Fort Jefferson was a town on the Mississippi River, about one mile south of Wickliffe, Kentucky in southwestern Ballard County.  

In 1779, George Rogers Clark built a stronghold of the same name at the intersection of the Mississippi and Ohio Rivers in order to consolidate his forces and to control access to the Ohio.
The original fort was burned down by Chickasaw forces in 1781. The settlement was reestablished in 1858.  The town itself no longer exists. The site is now home of the Phoenix Paper mill.

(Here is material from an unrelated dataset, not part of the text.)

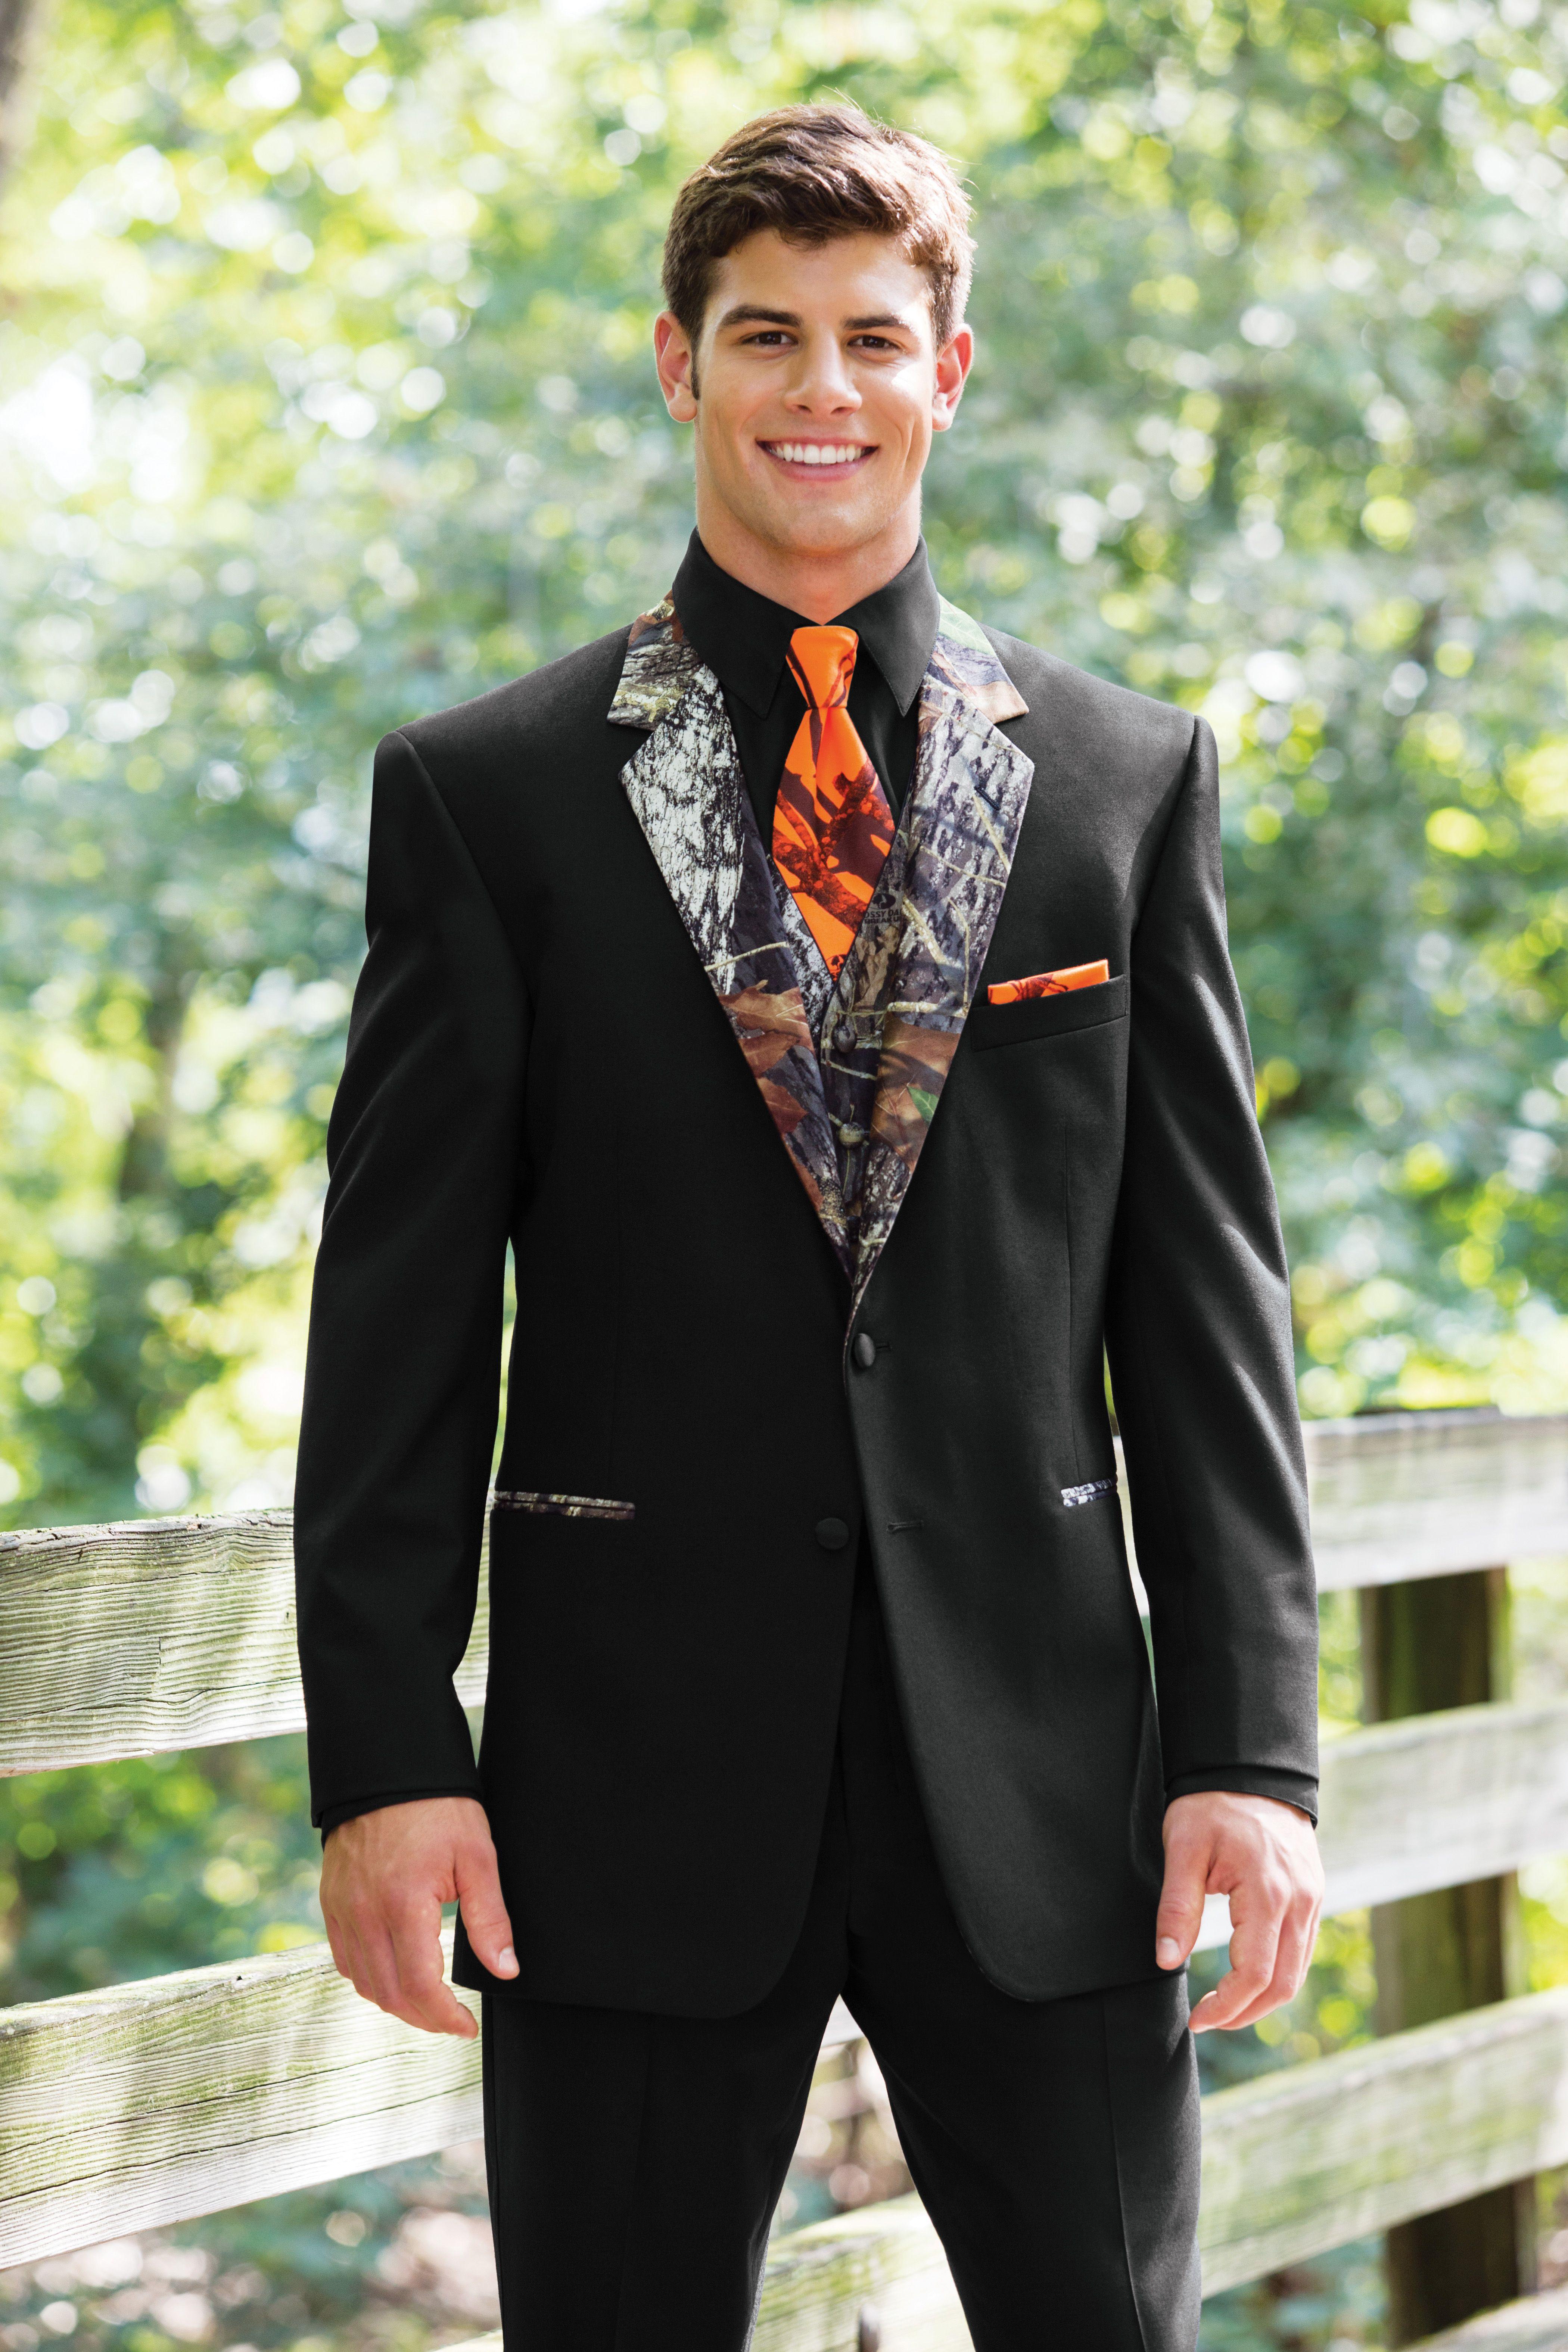 7496fe5c4403 Camo Wedding, Tuxedo Wedding, Wedding Tuxedos, Camouflage Wedding, Camo  Tuxedo, Custom

Planning of Fort Jefferson
The initial proposal for a fortification on the mouth of the Ohio was made by Virginia governor Patrick Henry in 1777, in a letter to the Spanish governor of Louisiana, Bernardo de Galvez. He proposed a fortification to protect trade and supplies between Virginia and Spanish Louisiana from British interference. Henry would also propose this idea to George Rogers Clark, who saw it as a fortification for frontier protection and conquest of British Indian allies. Clark would later press Henry's successor, Thomas Jefferson, on the importance of a fort along both rivers, to control commerce and stop British supplies. In January of 1780, Jefferson formally approved the fort with the formal stipulation that the land must be purchased from the Chickasaws, whom he erroneously identified as Cherokees. Jefferson would also write to Joseph Martin that "the ground at the mouth of the Ohio on the south side belonging to the Cherokee, we would not meddle in without their leave". George Rogers Clark would go on to ignore this provision, as he would not buy the land from the Chickasaws or gain their consent to build the fortifications. Many historians point to Clark's disregard of the Chickasaw as the point at which the fortification and settlement project was doomed to failure.

Aftermath
In 1782, four Chickasaw chiefs sent a letter to American military post commanders in the west to open peace negotiations, stating "What damage was done by reason you settled a fort in our hunting ground without our leave and at that place you suffered most from us". The Chickasaw would eventually sign a peace treaty with the Spanish (representing the American alliance) that respected Chickasaw territorial integrity, but kept them at war with the Kickapoo.